To plexys69:
"A comprehensive study of the 2000 presidential election in Florida suggests that if the U.S. Supreme Court had allowed a statewide vote recount to proceed, Republican candidate George W. Bush would still have been elected president."
However, if you read further from one of YOUR sources:
"The NORC team of coders were able to examine about 99 percent of them, but county officials were unable to deliver as many as 2,200 problem ballots to NORC investigators. In addition, the uncertainties of human judgment, combined with some counties' inability to produce the same undervotes and overvotes that they saw last year, create a margin of error that makes the study instructive but not definitive in its findings....."
".....Out of Palm Beach County emerged one of the least restrictive standards for determining a valid punch-card ballot. The county elections board determined that a chad hanging by up to two corners was valid and that a dimple or a chad detached in only one corner could also count if there were similar marks in other races on the same ballot. If that standard had been adopted statewide, the study shows a slim, 42-vote margin for Gore....."

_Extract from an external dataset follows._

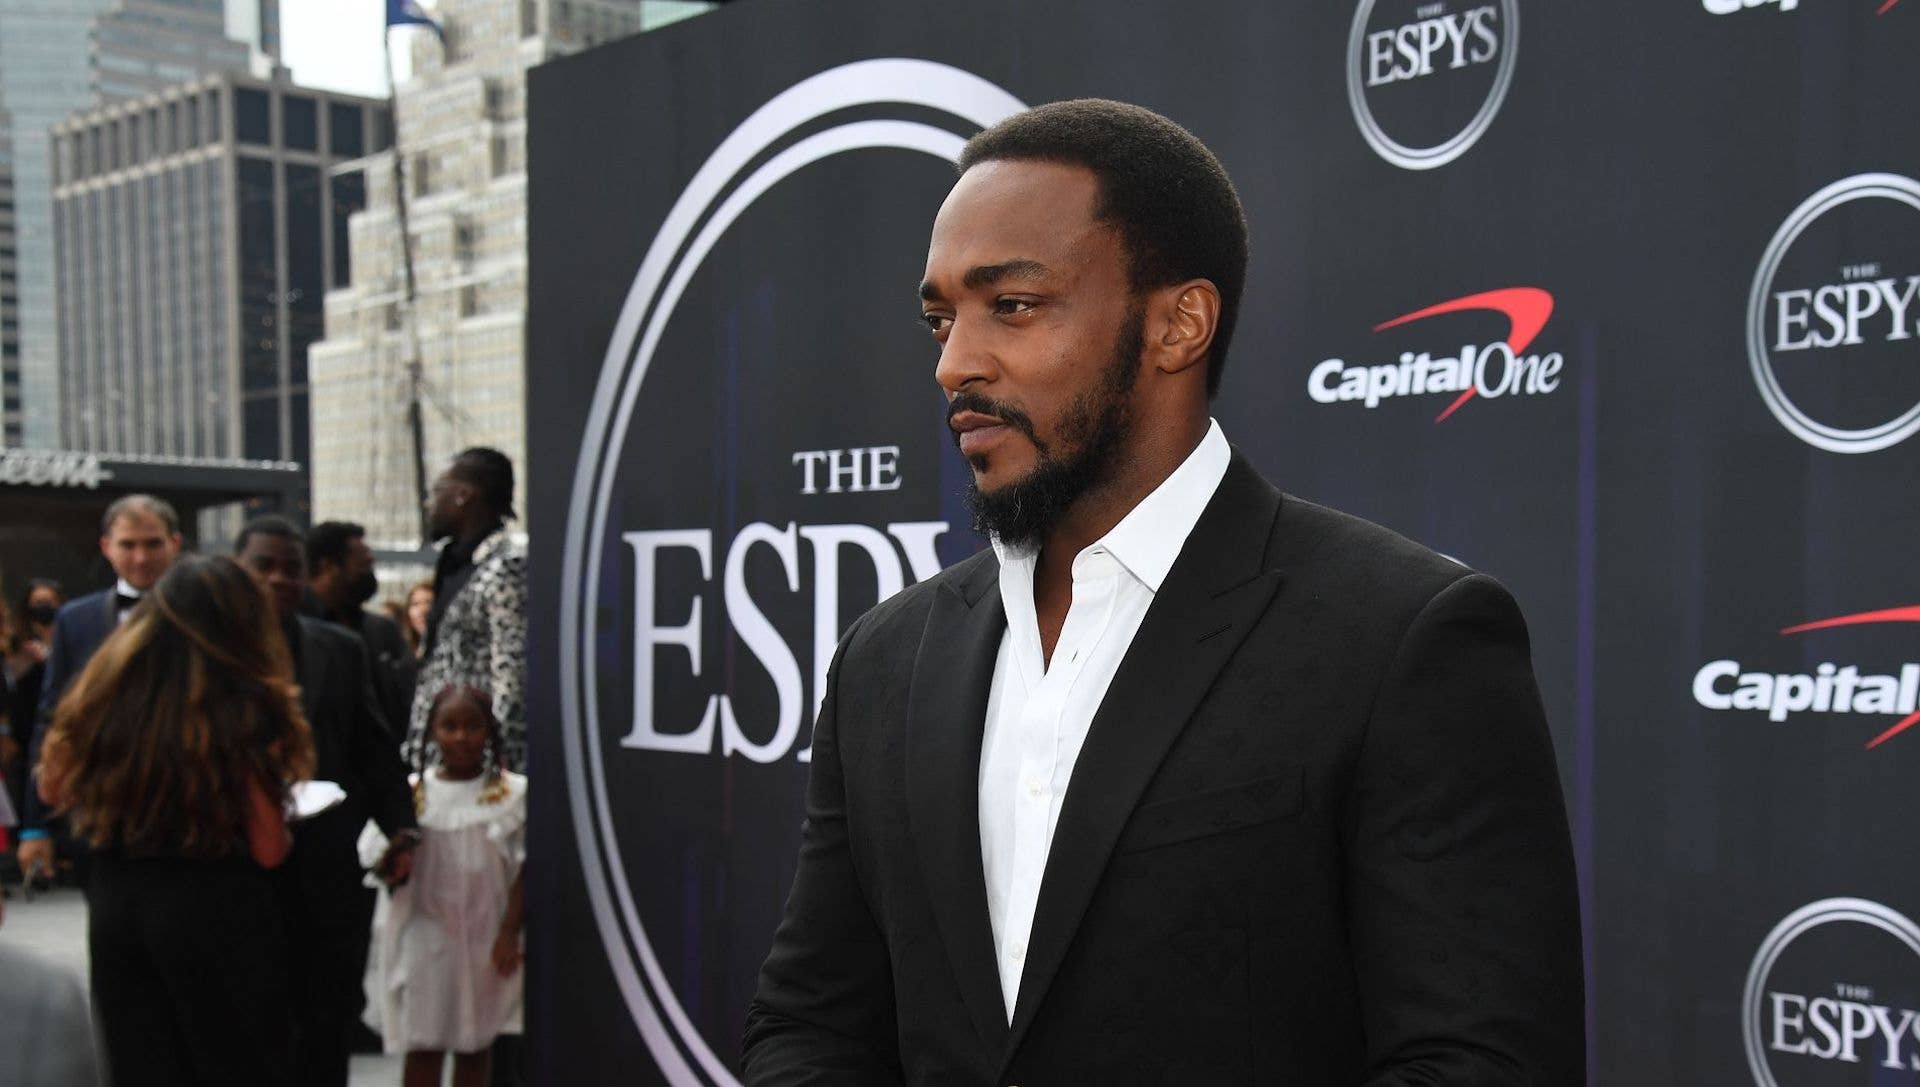 Anthony Mackie is set to star as John Doe in the TWISTED METAL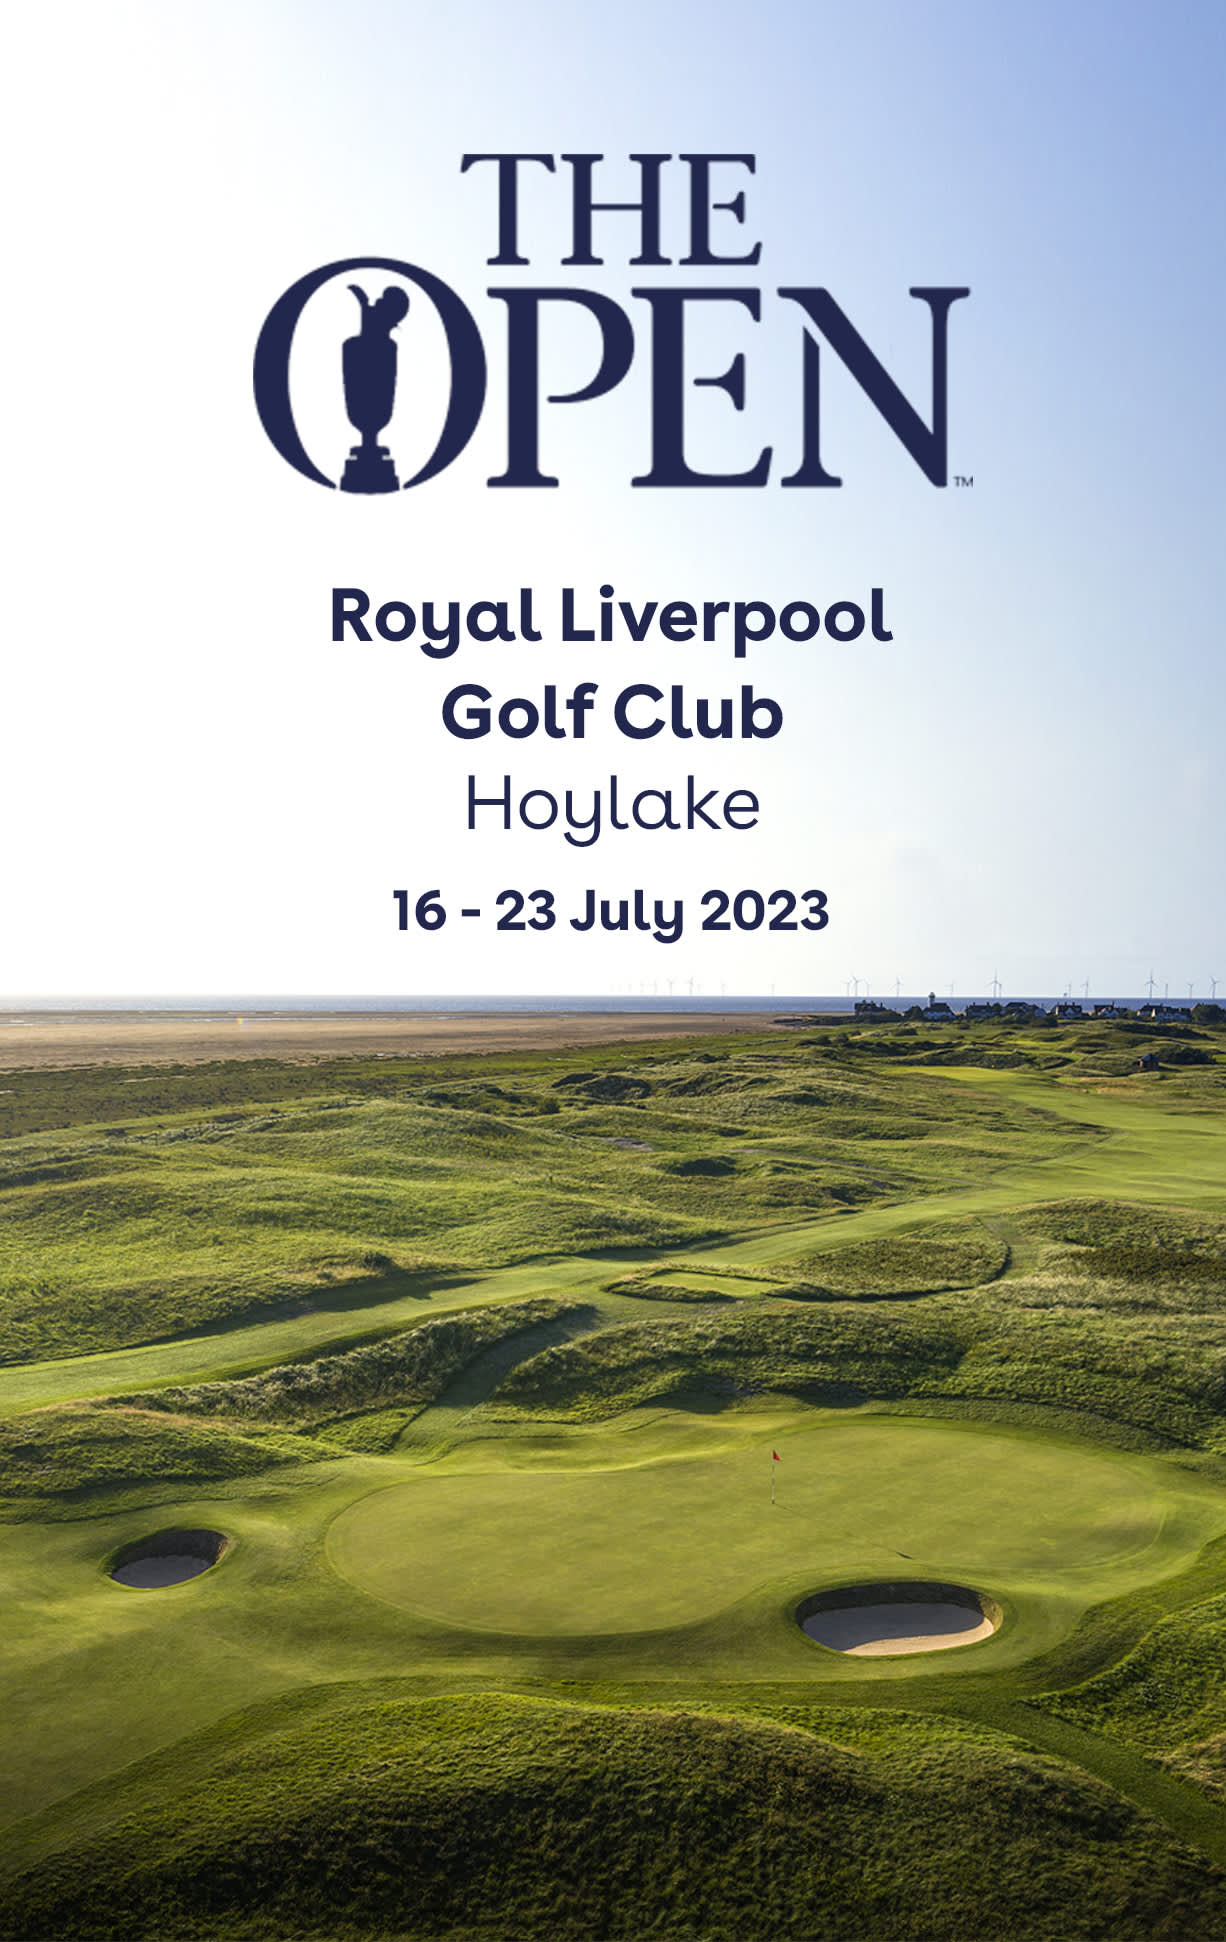 The Open Royal Liverpool Golf Club 16 - 23 July 2023

".....In addition to undervotes, thousands of ballots in the Florida presidential election were invalidated because they had too many marks. This happened, for example, when a voter correctly marked a candidate and also wrote in that candidate's name. The consortium looked at what might have happened if a statewide recount had included these overvotes as well and found that Gore would have had a margin of fewer than 200 votes....."
".....According to the study, 5,277 voters made a clean punch for Gore and a clean punch for Reform Party nominee Pat Buchanan, candidates whose political philosophies are poles apart. An additional 1,650 voters made clean punches for Bush and Buchanan. If many of the Buchanan votes were in error brought on by a badly designed ballot, a CNN analysis found that Gore could have netted thousands of additional votes as compared with Bush....."
".....Eighteen other counties used another confusing ballot design known as the "caterpillar" or "broken" ballot, where six or seven presidential candidates are listed in one column and the names of the remaining minor party candidates appeared at the top of a second one. According to the study, more than 15,000 people who voted for either Gore or Bush also selected one candidate in the second column, apparently thinking the second column represented a new race....."
".....Had many of these voters not marked a minor candidate in the second column, Gore would have netted thousands of additional votes as compared with Bush....."
".....On December 12, 2000, the U.S. Supreme Court overturned a Florida Supreme Court ruling ordering a full statewide hand recount of all undervotes not yet tallied. The U.S. Supreme Court action effectively ratified Florida election officials' determination that Bush won by a few hundred votes out of more than 6 million cast....."
Let's not forget that hand recounts and "dimpled chad" were signed into Texas law by Governor Bush, yet they were deemed unworthy in Florida.....the mandatory machine recounts were not performed in 18 of the 67 Florida counties (these 18 counties only retabulated the machine memory cards).....an estimated 20,000 potential voters were "purged" from the polls by Katherine Harris.....not one "recount county" used the same counting standards, and Dade was "forced" to abandon the recount due to unruly protests.....and the SCOTUS overturned a state decision--and wrote a landmark decision that counted "only once"--going against all that is holy to the right-wing GOP (state control over Federal intervention).
None of the NORC's findings were conclusive, and I'm not saying Gore won. Florida--whether you supported Bush or Gore--was a legal and partisan nightmare.
But I am saying you should read your sources through before you footnote them.